Edward Jones has agreed to pay $17 million to settle a multistate investigation into how it handled the transfer of assets from brokerage to advisory accounts. For investors who trusted the firm to manage their money responsibly, this settlement may raise serious concerns about whether they were charged excessive fees or placed into unsuitable account structures. In this blog, we’ll break down the key issues involved in the investigation, what this means for Edward Jones customers, and what you should know if you think you may have been impacted.
If you or someone you know has suffered significant investment losses working with Edward Jones or another brokerage firm, don’t hesitate to reach out to Meyer Wilson today. Our attorneys are experienced in securities fraud cases and will help to guide you through the process with a free consultation to determine whether your losses are the result of actionable misconduct.
What the Edward Jones Investigation Found
The $17 million settlement stems from a four-year investigation involving 14 state regulators. At the center of it was how Edward Jones (CRD#: 250) supervised customer transitions from commission-based brokerage accounts to fee-based advisory accounts—a process that affected thousands of investors.
According to regulators, the firm’s practices raised concerns for several reasons:
- Double-charging clients: Many investors who purchased mutual funds with a front-end sales load in brokerage accounts were later moved into advisory accounts. These accounts charged ongoing fees, meaning clients paid both the initial load and continuous advisory fees.
- Insufficient fee offsets: While Edward Jones offered some fee adjustments to account for the front-end load paid on mutual funds, regulators found that these offsets often didn’t fully cover the difference, leaving investors with increased overall costs.
- Inadequate supervision: The investigation looked into the supervisory systems Edward Jones had in place to ensure these transitions were in the clients’ best interests.
- Failure to communicate risks: Financial advisors were reportedly encouraged to discuss the impact of new fiduciary regulations with clients but may not have clearly communicated how changes would affect investment costs.
These issues occurred primarily between 2016 and 2018 and were linked to Edward Jones’ response to the Department of Labor’s now-defunct fiduciary rule.
How Account Types Affected Fees
One of the major concerns involved the shift from brokerage to advisory accounts. These account types carry different fee structures:
- Brokerage accounts: Typically charge commissions per transaction. Class A mutual funds in these accounts often come with a one-time front-end load fee.
- Advisory accounts: Charge an ongoing percentage fee based on the total assets managed.
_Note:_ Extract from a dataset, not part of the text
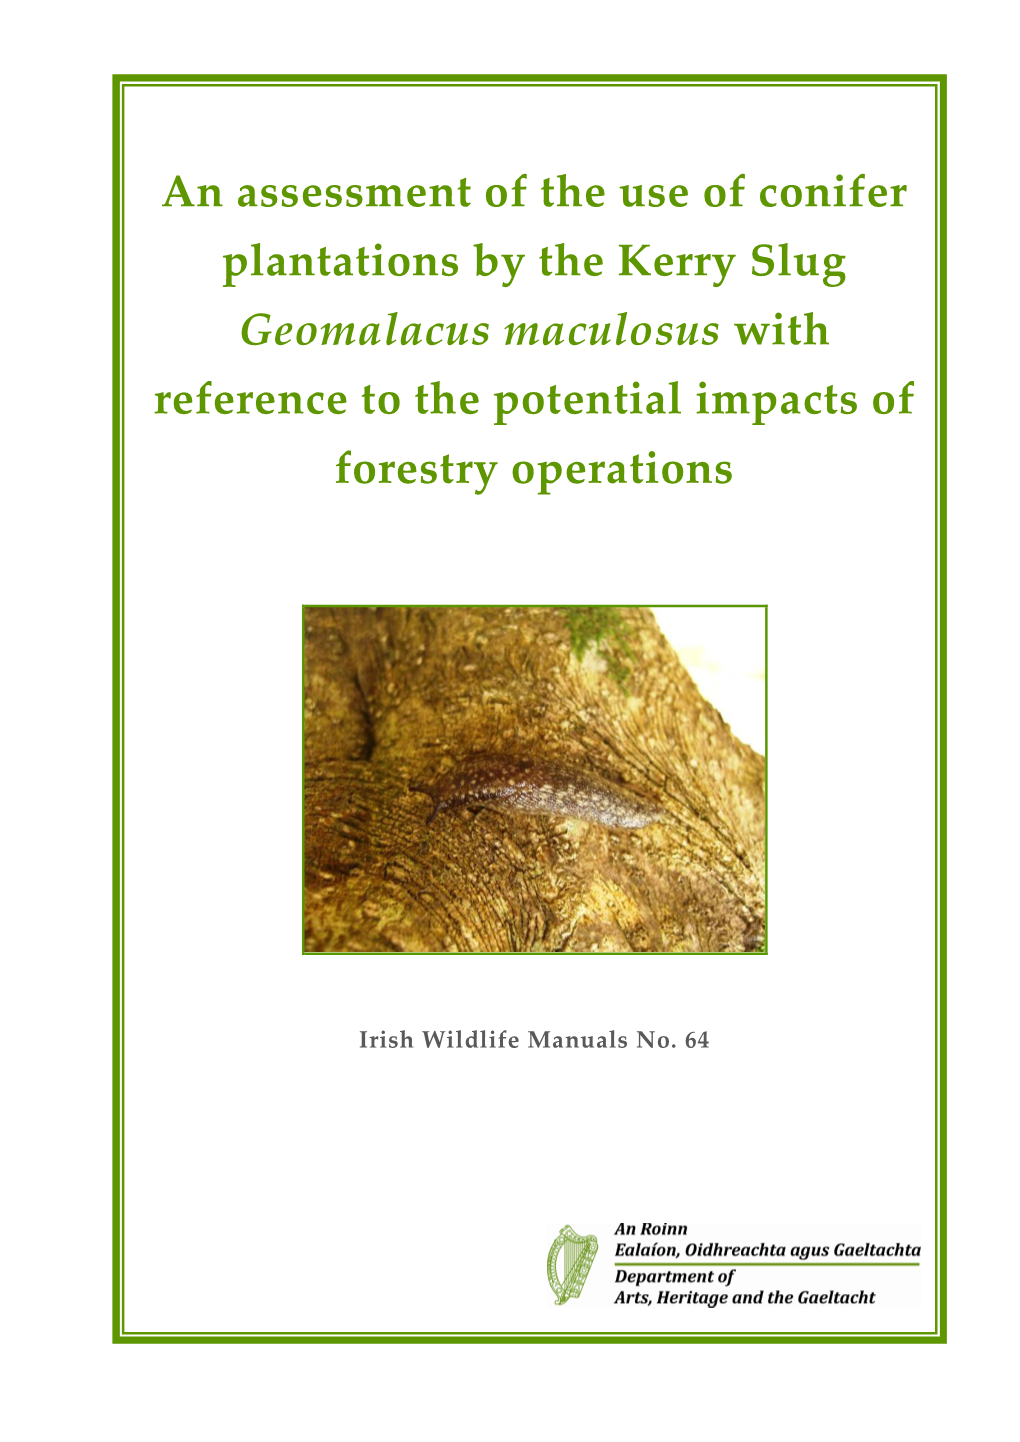 An Assessment of the Use of Conifer Plantations by the Kerry Slug Geomalacus Maculosus with Reference to the Potential Impacts of Forestry Operations

These fees are continuous and not linked to specific trades.
Some investors had just paid large upfront fees in their brokerage accounts and were then shifted to advisory accounts—where they began paying new, recurring fees, even though they already paid for their investments through commissions.
The Impact on Edward Jones Clients
Many investors affected by this issue were unaware they were paying more than necessary. According to Arkansas regulators, Edward Jones retained over $10 million in front-end loads that weren’t properly applied toward advisory fees.
If you were a client who transitioned accounts during this time or held Class A mutual fund shares before moving into a fee-based account, you may have unknowingly overpaid.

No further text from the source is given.